Subject: [PATCH 3/3] loop: Charge i/o to mem and blk cg

The current code only associates with the existing blkcg when aio is
used to access the backing file. This patch covers all types of i/o to
the backing file and also associates the memcg so if the backing file is
on tmpfs, memory is charged appropriately.

This patch also exports cgroup_get_e_css and int_active_memcg so it
can be used by the loop module.

Signed-off-by: Dan Schatzberg <[email protected]>
Acked-by: Johannes Weiner <[email protected]>
---
drivers/block/loop.c | 61 +++++++++++++++++++++++++-------------
drivers/block/loop.h | 3 +-
include/linux/memcontrol.h | 6 ++++
kernel/cgroup/cgroup.c | 1 +
mm/memcontrol.c | 1 +
5 files changed, 51 insertions(+), 21 deletions(-)
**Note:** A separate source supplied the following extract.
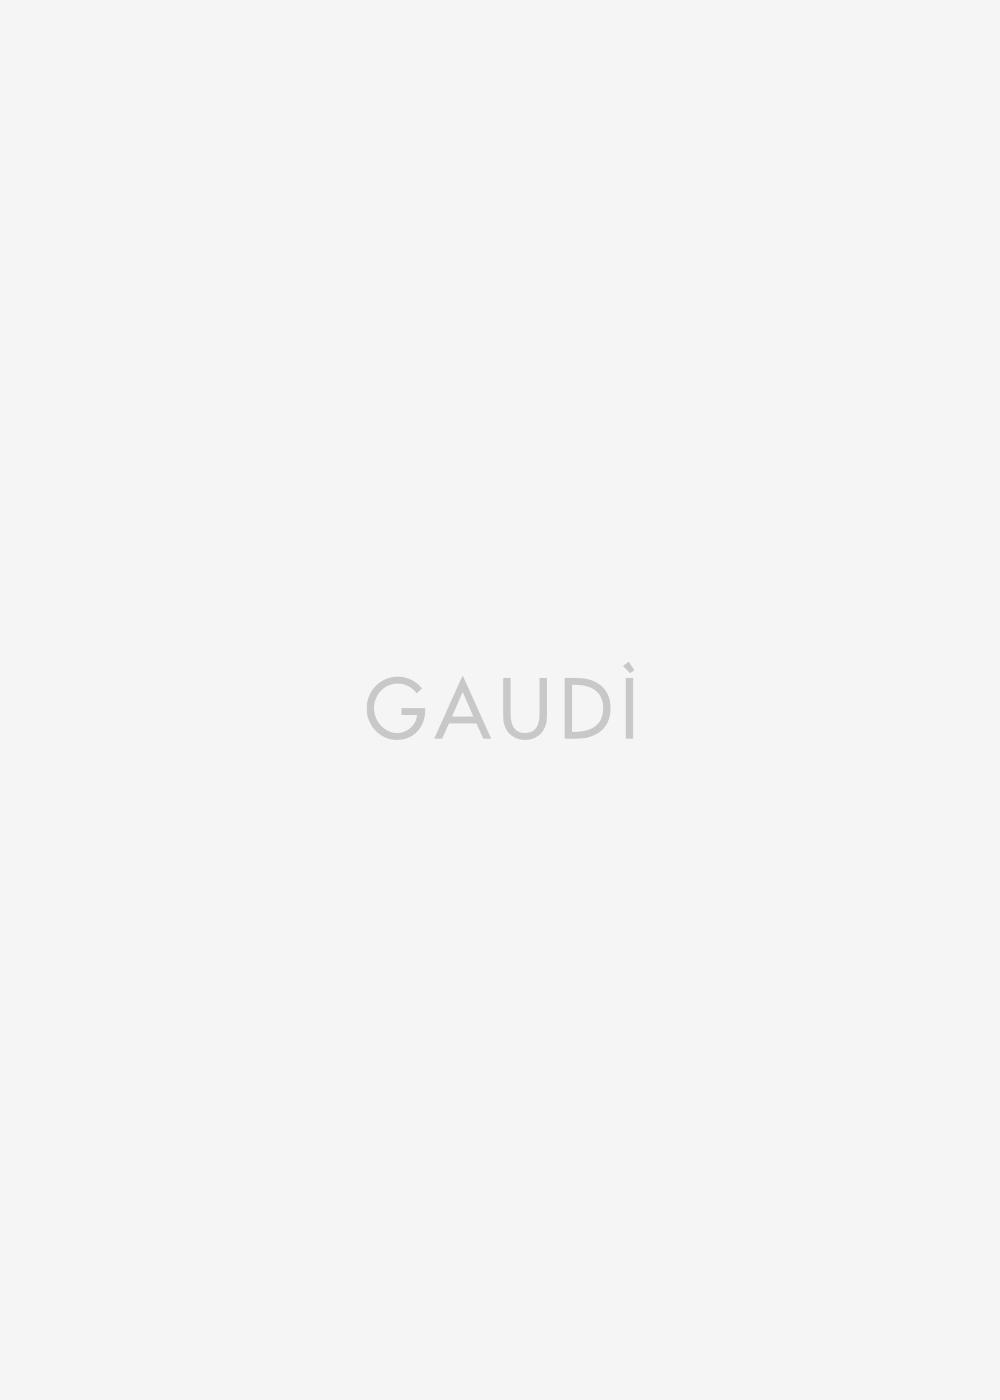 a09f65201a20 Abbigliamento donna online casual ed elegante S S 2019

diff --git a/drivers/block/loop.c b/drivers/block/loop.c
index 4750b373d4bb..d2759f8a7c2a 100644
--- a/drivers/block/loop.c
+++ b/drivers/block/loop.c
@@ -78,6 +78,7 @@
#include <linux/uio.h>
#include <linux/ioprio.h>
#include <linux/blk-cgroup.h>
+#include <linux/sched/mm.h>

#include "loop.h"

@@ -516,8 +517,6 @@ static void lo_rw_aio_complete(struct kiocb *iocb, long ret, long ret2)
{
struct loop_cmd *cmd = container_of(iocb, struct loop_cmd, iocb);

- if (cmd->css)
- css_put(cmd->css);
cmd->ret = ret;
lo_rw_aio_do_completion(cmd);
}
@@ -578,8 +577,6 @@ static int lo_rw_aio(struct loop_device *lo, struct loop_cmd *cmd,
cmd->iocb.ki_complete = lo_rw_aio_complete;
cmd->iocb.ki_flags = IOCB_DIRECT;
cmd->iocb.ki_ioprio = IOPRIO_PRIO_VALUE(IOPRIO_CLASS_NONE, 0);
- if (cmd->css)
- kthread_associate_blkcg(cmd->css);

if (rw == WRITE)
ret = call_write_iter(file, &cmd->iocb, &iter);
@@ -587,7 +584,6 @@ static int lo_rw_aio(struct loop_device *lo, struct loop_cmd *cmd,
ret = call_read_iter(file, &cmd->iocb, &iter);

lo_rw_aio_do_completion(cmd);
- kthread_associate_blkcg(NULL);

if (ret != -EIOCBQUEUED)
cmd->iocb.ki_complete(&cmd->iocb, ret, 0);
@@ -928,7 +924,7 @@ struct loop_worker {
struct list_head cmd_list;
struct list_head idle_list;
struct loop_device *lo;
- struct cgroup_subsys_state *css;
+ struct cgroup_subsys_state *blkcg_css;
unsigned long last_ran_at;
};

@@ -945,7 +941,7 @@ static void loop_queue_work(struct loop_device *lo, struct loop_cmd *cmd)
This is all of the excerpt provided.